Description
EfficientNet is a convolutional neural network (CNN) architecture pre-trained on CIFAR-10 and CIFAR-100, Birdsnap, Stanford Cars, Flowers, FGVC Aircraft, Oxford-IIIT Pets, and Food-101 datasets.

Publishers
Mingxing Tan, Quoc V. Le, in the paper, “EfficientNet: Rethinking Model Scaling for Convolutional Neural Networks

Submitted Version
May 28, 2019

Latest Version
September 11, 2020

Size
5.3M to 66M

Image Classification

Overview


Model Highlights

  • Task: Image classification
  • Model type: Convolutional neural network
  • Framework: Tensorflow
  • Dataset: CIFAR-10, CIFAR-100, Birdsnap, Stanford Cars, Flowers, FGVC Aircraft, Oxford-IIIT Pets, and Food-101

Model Size and Parameters

The authors developed a baseline network by leveraging a multi-objective neural architecture search that optimizes accuracy and FLOPS. Flops are optimized rather than latency because no specific hardware device is a target. The resultant network is efficient, and hence it is named EfficientNet. While researchers found that accuracy improved with increasing network breadth, depth, or resolution, they also found that this benefit waned with increasing model size. Better accuracy and efficiency can be achieved by ConvNet scaling by striking a balance between the network’s width, depth, and resolution.

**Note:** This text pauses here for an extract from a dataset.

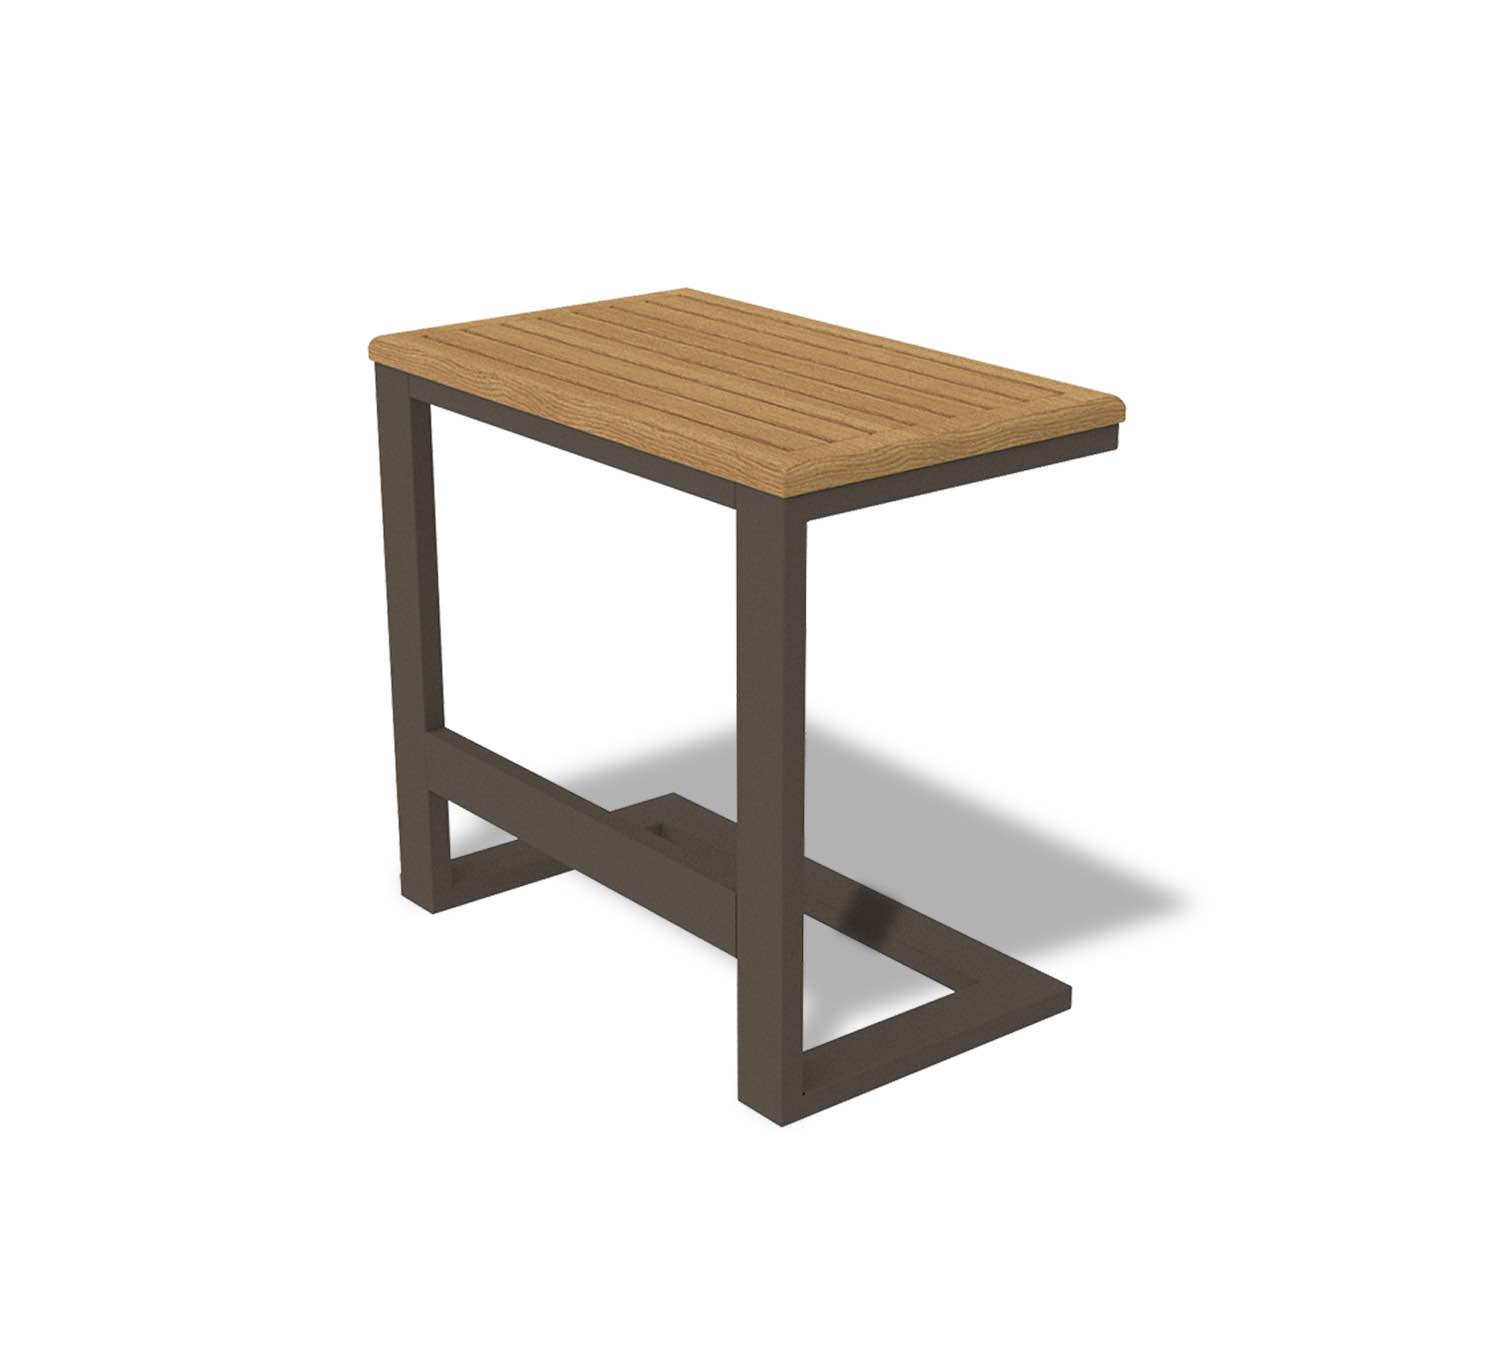 MOORE SIDE TABLE

EfficientNet models are trained on ImageNet by applying RMSProp optimizer with decay 0.9 and momentum 0.9; batch norm momentum 0.99, weight decay 1e-5; initial learning rate 0.256 that decays by 0.97 every 2.4 epochs. The model also uses SiLU (Swish-1) activation, AutoAugment, and stochastic depth with a survival probability of 0.8. The EfficientNet model’s dropout ratio is 0.2. To report the final validation accuracy, it first sets aside 25K randomly selected images from the training set as a minival set and then does early stopping on this minival.

The following table lists the sizes of the different EfficientNet models in terms of number of parameters and FLOPs.

Model# of Parameters# of FLOPs
EfficientNet-B05.3M0.39B
EfficientNet-B17.8M0.70B
EfficientNet-B29.2M1.0B
EfficientNet-B312M1.8B
EfficientNet-B419M4.2B
EfficientNet-B530M9.9B
EfficientNet-B643M19B
EfficientNet-B766M37B

Expected Input

The expected input of an EfficientNet model is a float tensor of pixels with values in the [0-255] range.

Expected Output

The expected output of an EfficientNet model depends on the task. For image classification, the expected output is a probability distribution over the classes.

History and Applications

To acquire the best results, Convolutional Neural Networks (ConvNets) are typically trained with a limited budget and then scaled up when more resources become available. Improving the accuracy of ConvNets involves scaling them up. The most typical method is to increase the ConvNet’s depth or width. Model scaling based on image resolution is another approach that is gaining traction but is still not widely used. It is typical practice in prior work to scale only one depth, breadth, or image size dimension. While it is possible to arbitrarily scale a dataset with two or three dimensions, doing so is laborious and often results in sub-optimal accuracy and efficiency. The developers of EfficientNet set out to fix this.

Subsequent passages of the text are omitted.